RadarRiaunet | Jakarta – Mahkamah Agung (MA) Indonesia telah mengambil keputusan penting dengan membekukan berita acara sumpah advokat dari dua pengacara ternama, Razman Arif Nasution dan M Firdaus Oiwobo. Dengan pembekuan ini, kedua advokat tersebut tidak lagi dapat menjalankan praktik hukum di pengadilan. Keputusan ini diambil setelah terungkapnya insiden kericuhan yang terjadi di ruang sidang Pengadilan Negeri Jakarta Utara pada awal Februari 2025.
Juru bicara MA, Yanto, mengonfirmasi bahwa keputusan pembekuan ini berdasarkan telaah atas Undang-Undang Nomor 18 Tahun 2013 tentang Advokat serta perbuatan yang dilakukan oleh kedua pengacara tersebut. “Dengan dibekukannya berita acara sumpah advokat atas nama Razman Arif Nasution dan M Firdaus Oiwobo, maka mereka tidak dapat lagi menjalankan praktik di pengadilan,” ungkap Yanto dalam keterangan persnya, Kamis (13/2/2025).

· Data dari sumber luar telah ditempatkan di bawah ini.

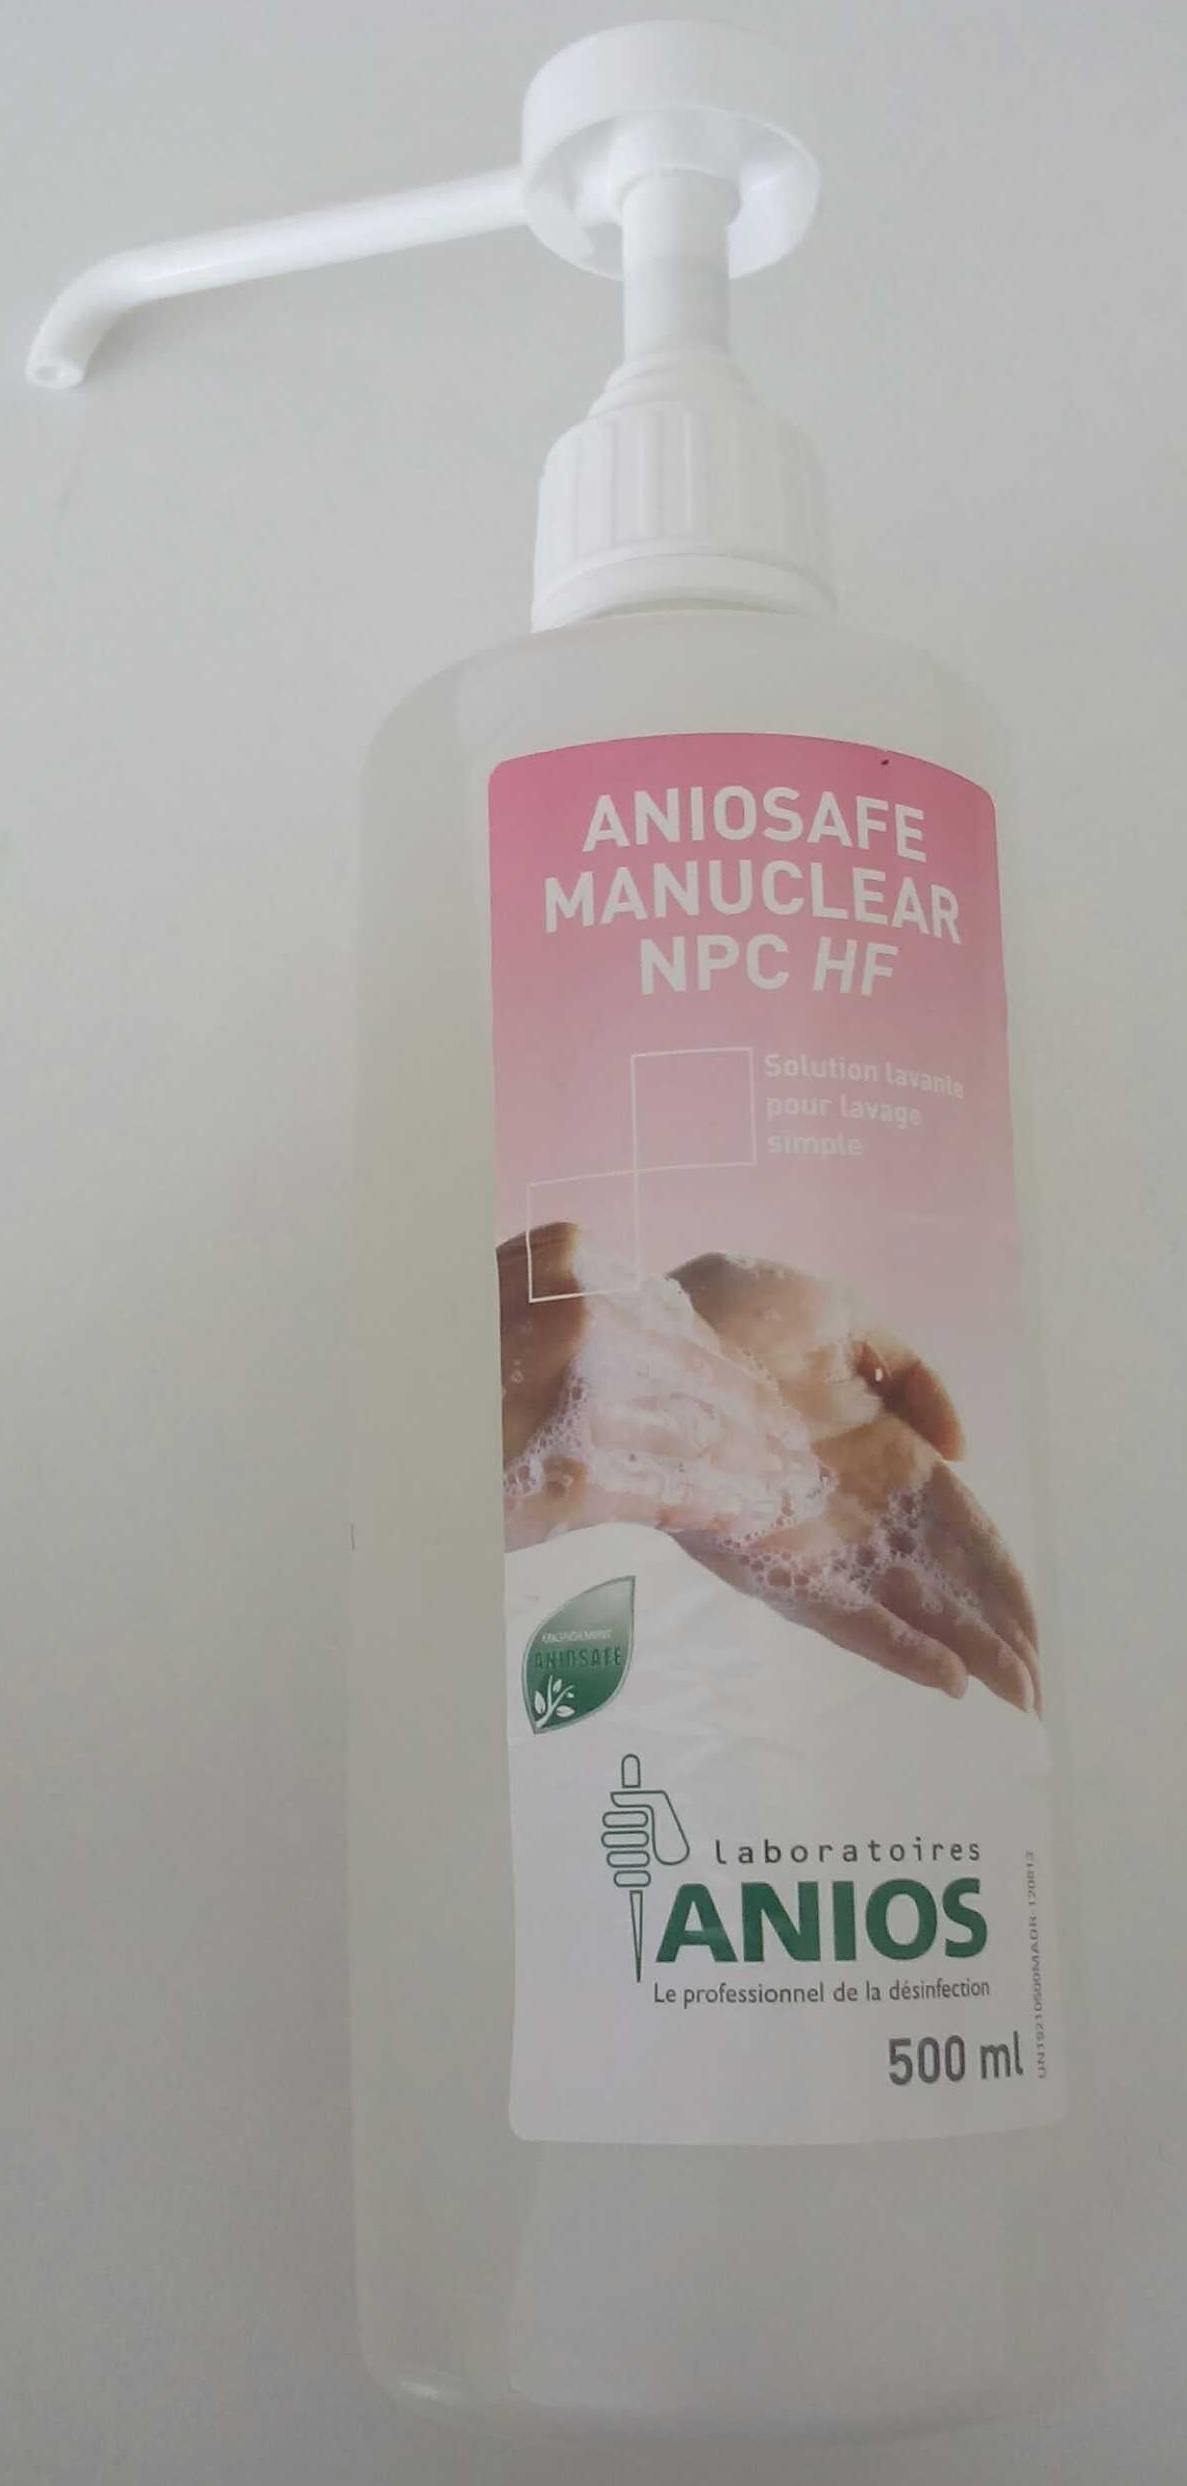 Aniosafe Manuclear NPC HF - Product - fr

Pembekuan sumpah advokat Razman Arif Nasution berlandaskan penetapan dari Ketua Pengadilan Tinggi Ambon, sementara M Firdaus Oiwobo mengacu pada penetapan Ketua Pengadilan Tinggi Banten. MA menegaskan bahwa keputusan ini diambil untuk menjaga maruah dan wibawa pengadilan, serta menegakkan integritas sistem peradilan di Indonesia.
Insiden yang memicu pembekuan ini terjadi pada Kamis, 6 Februari 2025, saat sidang perkara terdakwa Razman Arif Nasution di Pengadilan Negeri Jakarta Utara. Razman, yang sedang berstatus terdakwa, diduga berteriak keras ke arah hakim dan mendekati Hotman Paris yang hadir sebagai saksi dalam persidangan. Dalam insiden tersebut, M Firdaus Oiwobo, pengacara Razman, terlihat berdiri di atas meja ruang sidang. Aksi keduanya terekam kamera dan menjadi perhatian publik. Kejadian ini akhirnya dilaporkan oleh Ketua Pengadilan Negeri Jakarta Utara kepada Bareskrim Polri.
Keputusan MA ini juga mengingatkan seluruh pengadilan di bawah naungan Mahkamah Agung untuk tetap berpedoman pada hukum acara dan teknis yudisial, serta menanggapi setiap ancaman atau intimidasi dengan tegar dan konsisten. “Pimpinan Mahkamah Agung mengingatkan agar para hakim dan ketua majelis tetap teguh dalam menjalankan tugas mereka, tanpa terpengaruh ancaman dan intimidasi dari siapapun. Mereka diharapkan dapat mengoptimalkan pengamanan internal dan berkoordinasi dengan pihak kepolisian untuk menjaga keamanan persidangan,” ujar Yanto.
Keputusan ini dipandang sebagai langkah penting dalam menjaga kredibilitas dan wibawa lembaga peradilan, sekaligus memberi sinyal tegas terhadap ketidakpatuhan terhadap tata tertib dan norma-norma yang berlaku dalam proses peradilan di Indonesia.